Problem details: Would you please transcribe the listing exactly, with no images?

Supplied data:
=====
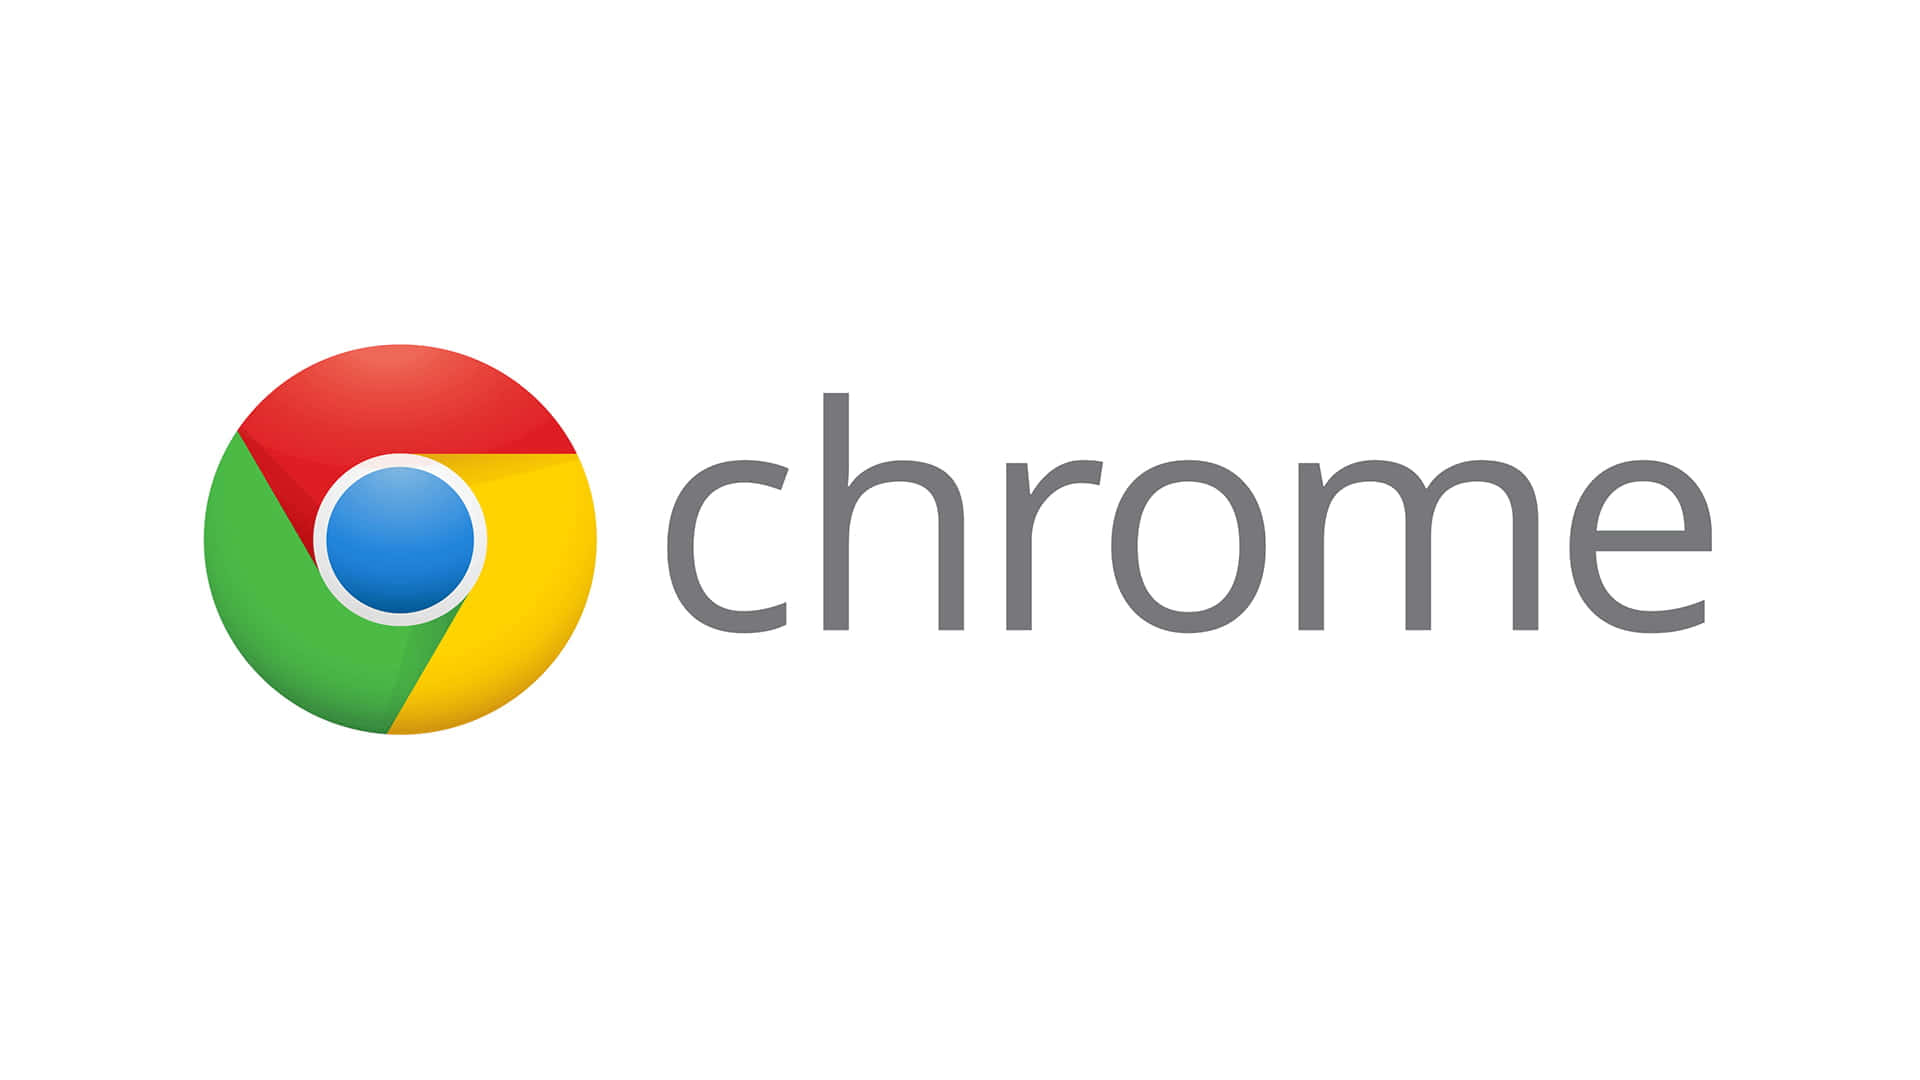 Get your day started with Google Chrome
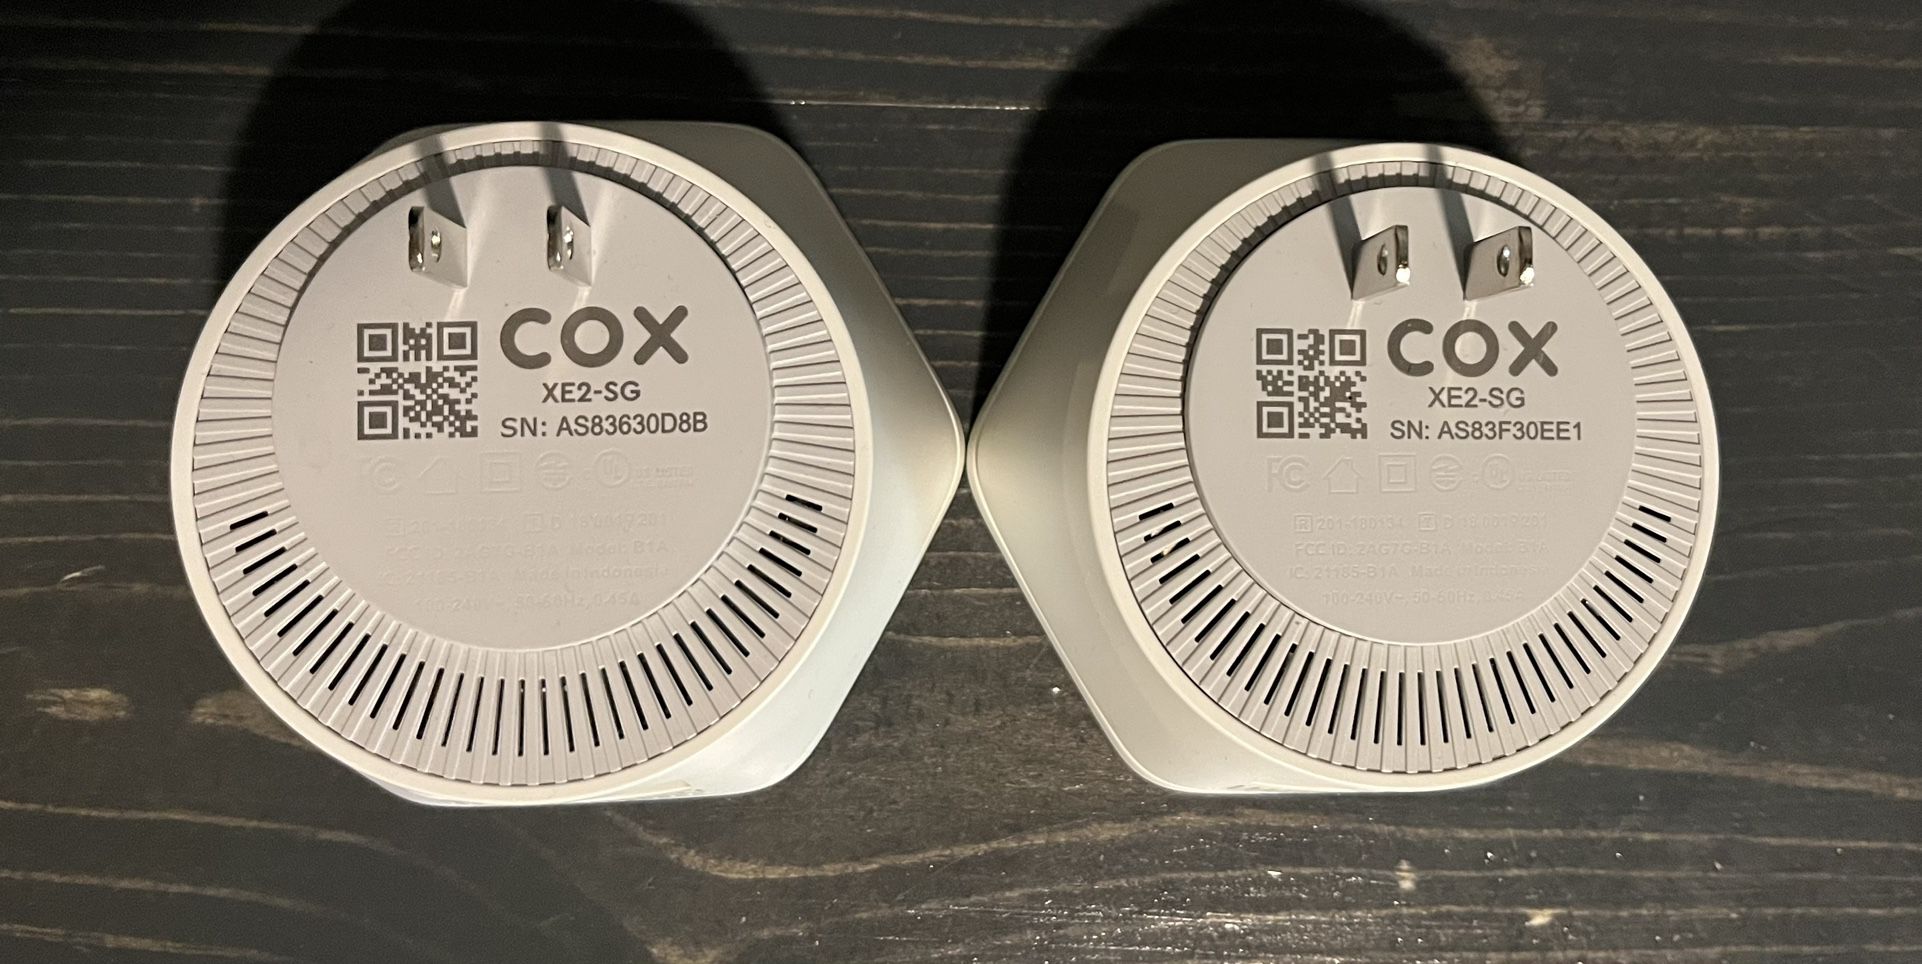 Cox Wi-Fi Extender Pods
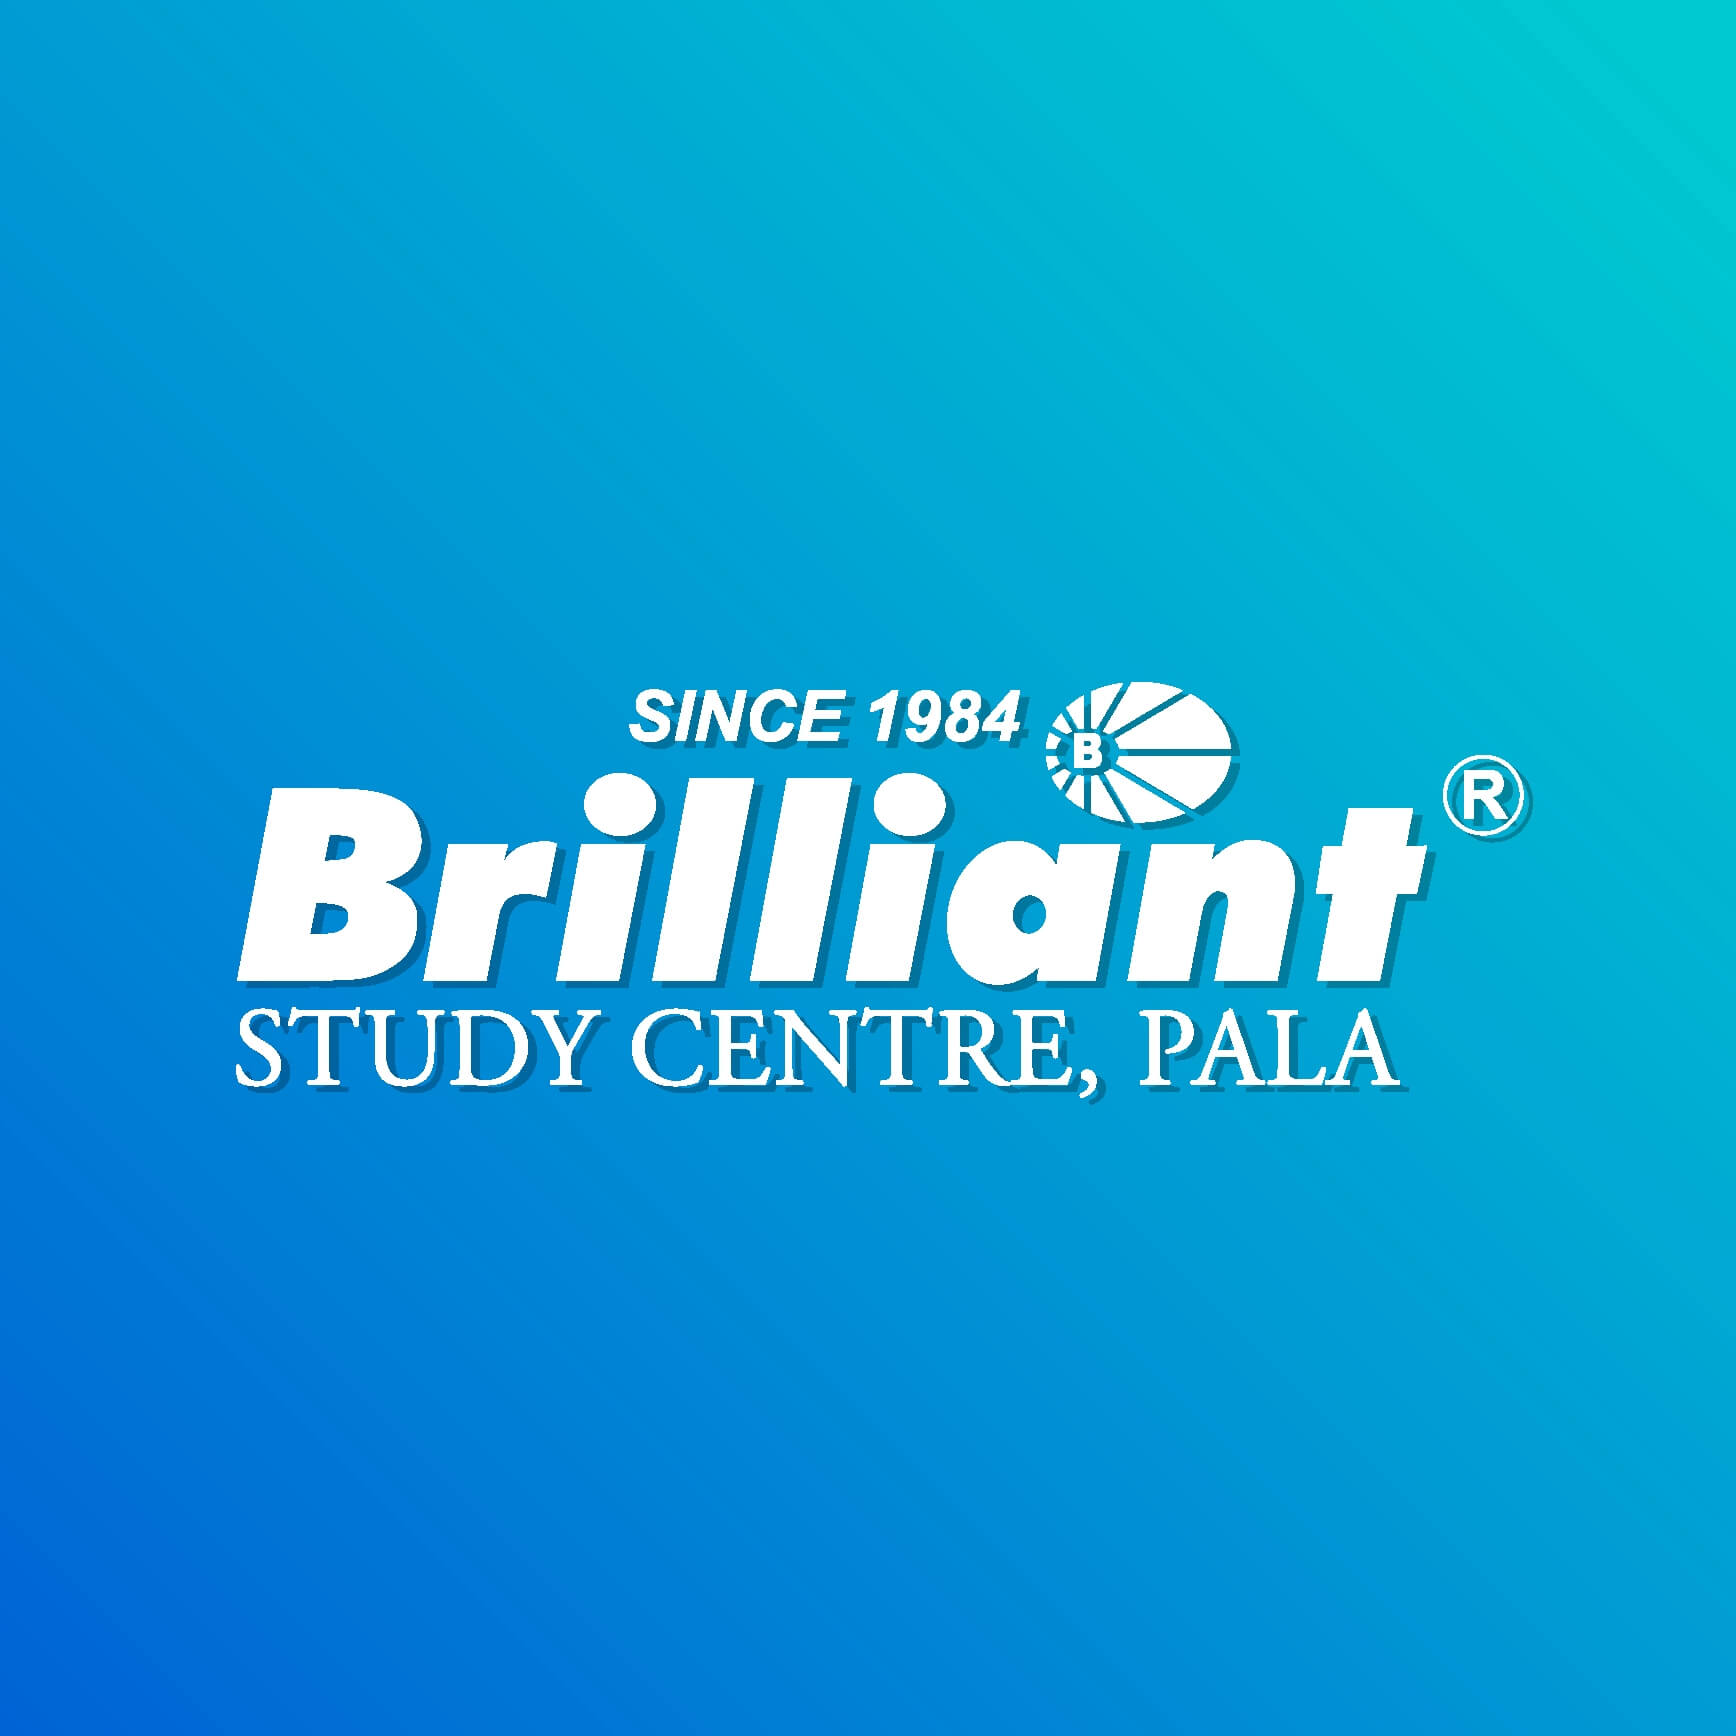 NEET JEE Entrance Coaching Centre | Brilliant Study Centre Pala | free Classified | Free Advertising | free classified ads
=====
Solved problem:
 Get your day started with Google Chrome
 Cox Wi-Fi Extender Pods
 NEET JEE Entrance Coaching Centre | Brilliant Study Centre Pala | free Classified | Free Advertising | free classified ads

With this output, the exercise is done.